**Directions for this task**
Reproduce every line below exactly as written; do not include the images.

**Collected data**
┄┄┄┄┄┄┄┄┄┄
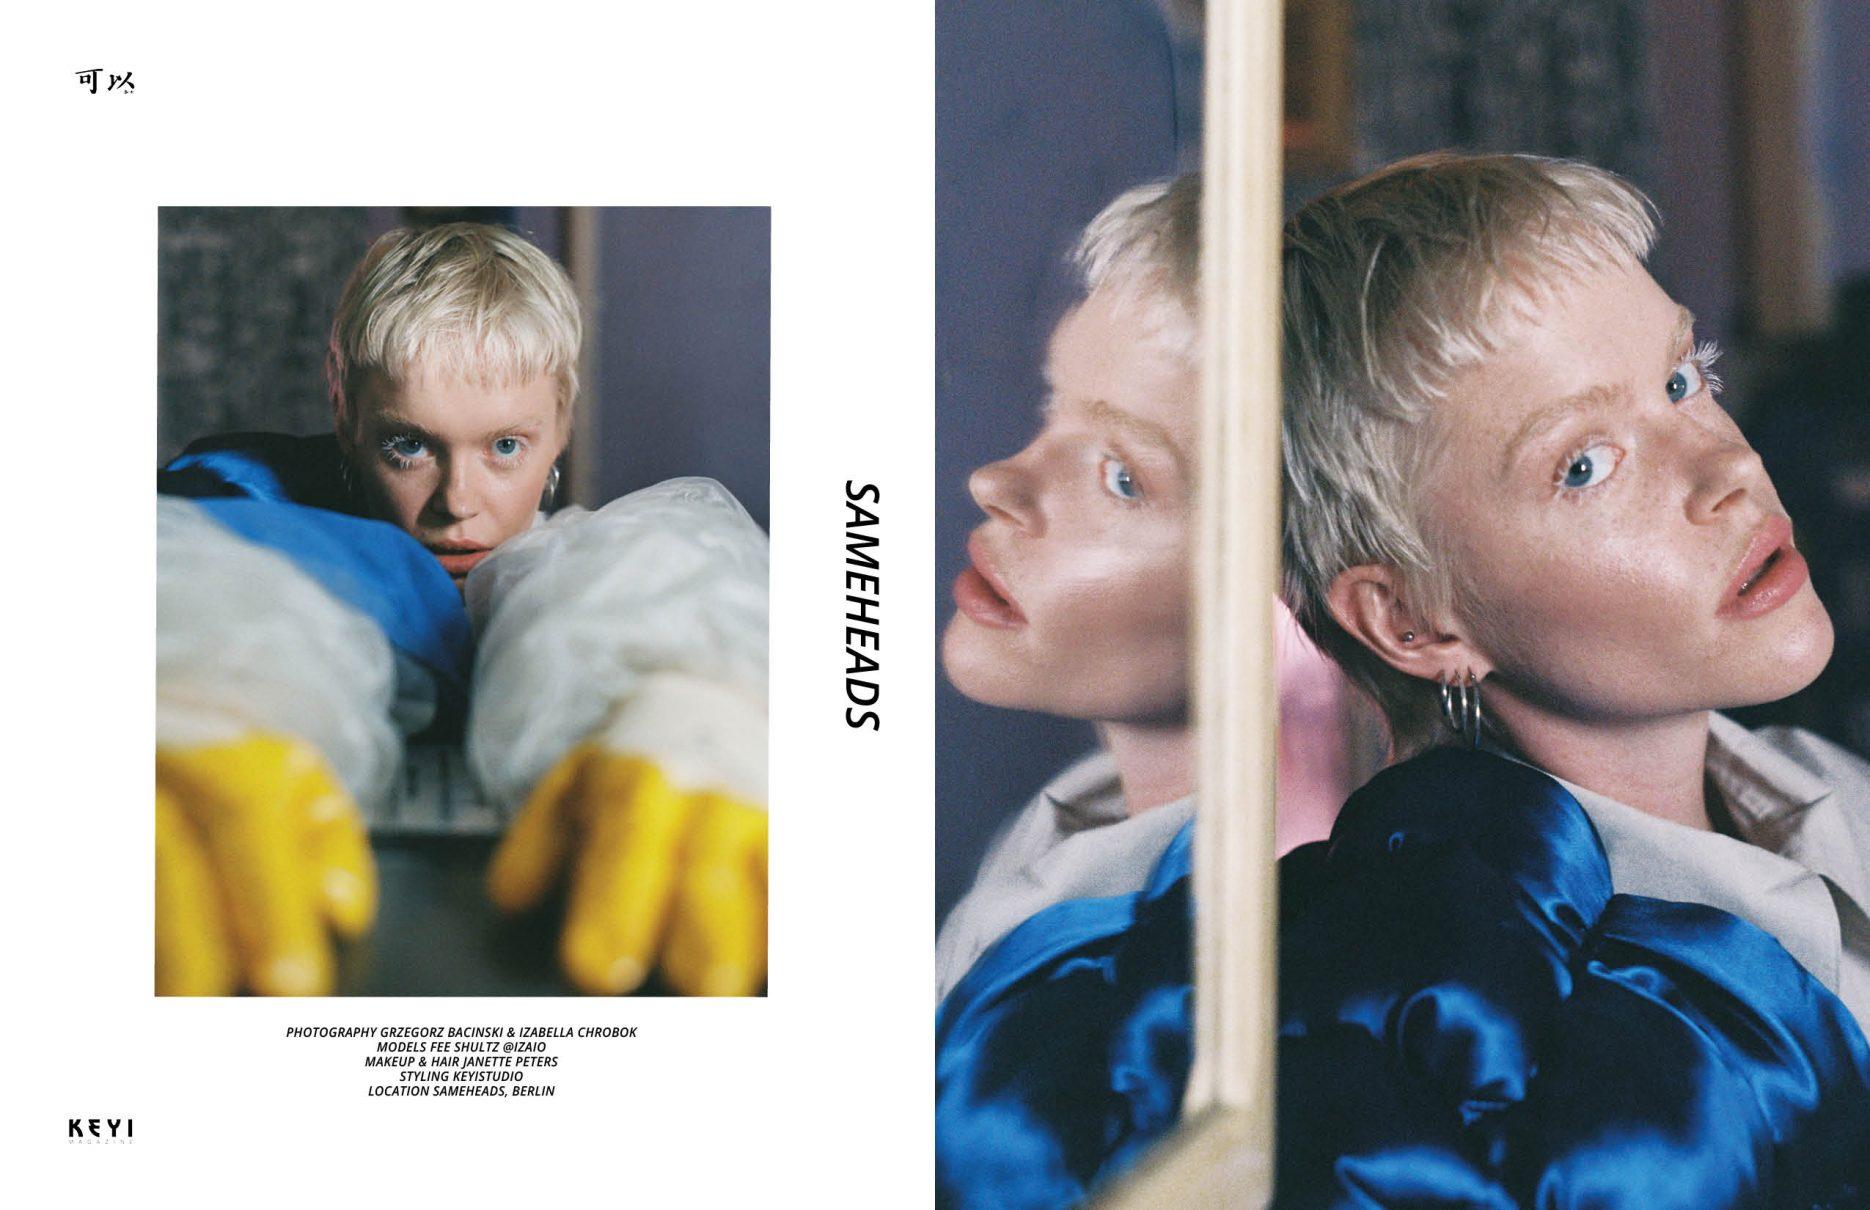 photography/art direction/styling: Izabella Chrobok @berlin_bunny_ & Grzegorz Bacinski @eyes_dice (@keyistudio / Berlin )
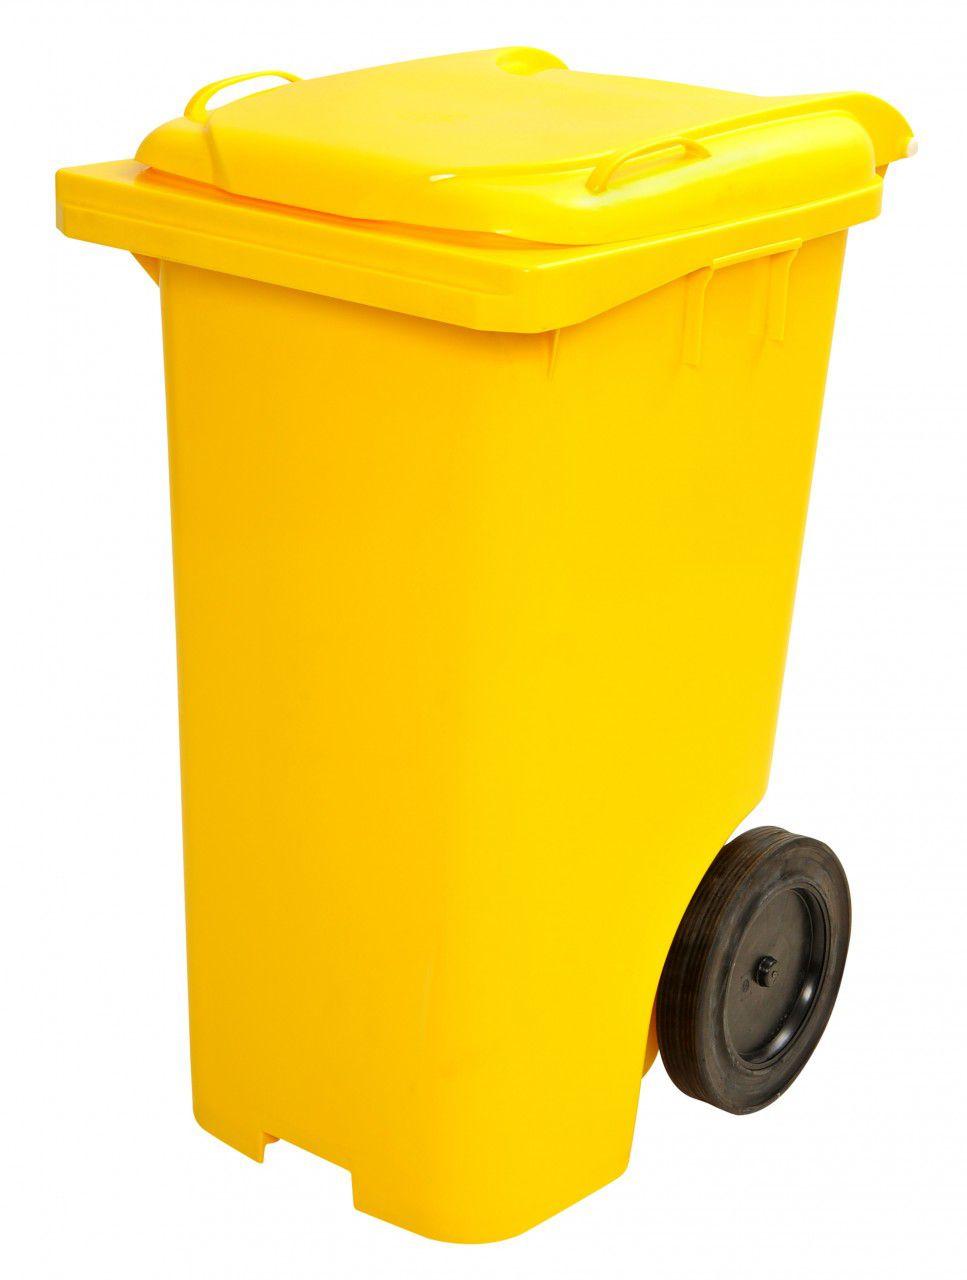 Lixeira Gari JSN Colorida - 120 / 240 litros
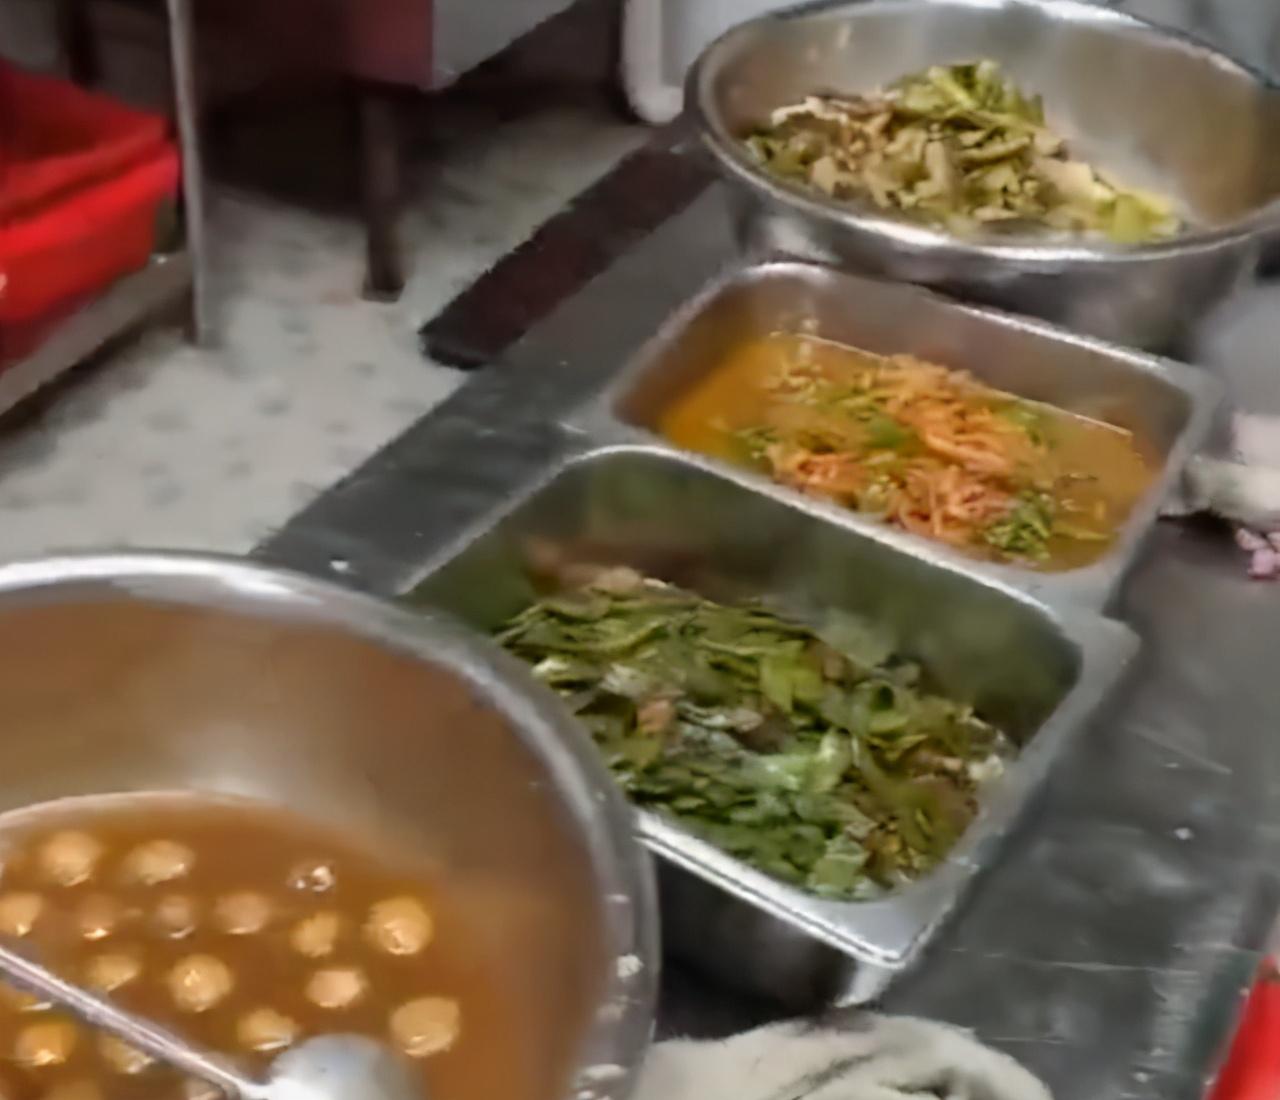 勒令整顿?食堂藏起热菜只加咸菜,学校终于回复,网友很生气
┄┄┄┄┄┄┄┄┄┄
**Answer to the problem**
 photography/art direction/styling: Izabella Chrobok @berlin_bunny_ & Grzegorz Bacinski @eyes_dice (@keyistudio / Berlin )
 Lixeira Gari JSN Colorida - 120 / 240 litros
 勒令整顿?食堂藏起热菜只加咸菜,学校终于回复,网友很生气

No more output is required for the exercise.